Crude oil climbed above $100 a barrel in New York after an Energy Department report showed an unexpected drop in U.S. inventories as refineries bolstered operating rates and imports declined.

Oil advanced as much as 3.5 percent after the department said supplies fell 15,000 barrels to 370.3 million last week. Inventories were forecast to rise 1.7 million barrels, according to analysts surveyed by Bloomberg News.

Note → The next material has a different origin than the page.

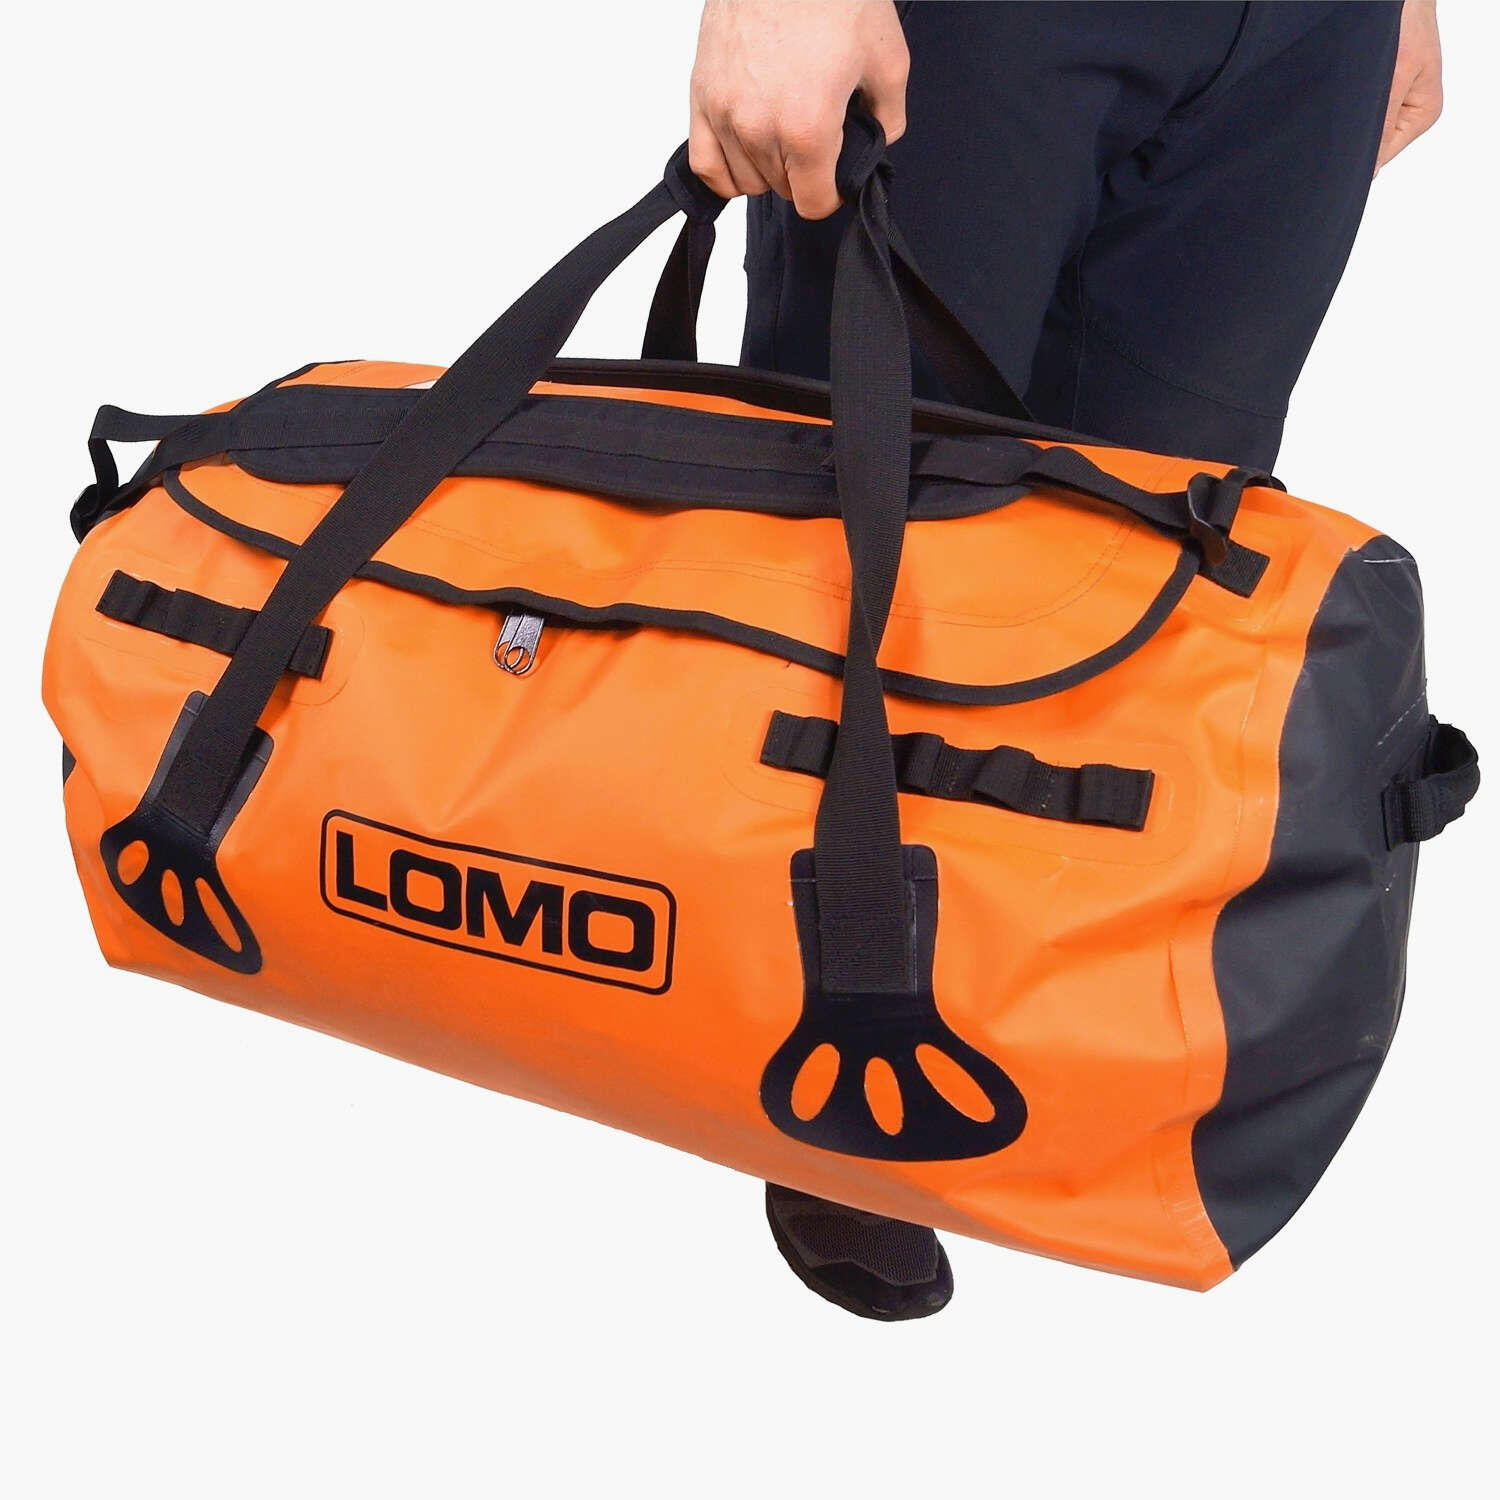 Lomo Blaze Expedition Holdall - Orange 60L 2/7

Refineries operated at 83.2 percent of capacity, the most since the week ended April 1.

“There’s plenty of oil out there but continued unrest is going to keep prices around $100,” saidChip Hodge, who oversees a $9 billion natural-resource bond portfolio as senior managing director at MFC Global Investment Management in Boston. “Libyan oil will remain off the market for the foreseeable future, and that’s just one trouble spot.”

Crude oil will lead a rally in commodities as production fails to keep pace with consumption, said Ray Eyles, chief executive officer of JPMorgan Chase & Co.’s commodity business in Asia.

“Ultimately, the long-term fundamental supply and demand of commodities is still pointing to higher prices,” Eyles said in an interview in Singapore. “The commodities that have the best underlying fundamental stories at the moment” are in energy because of unrest in the Middle East and Japan’s nuclear crisis, he said.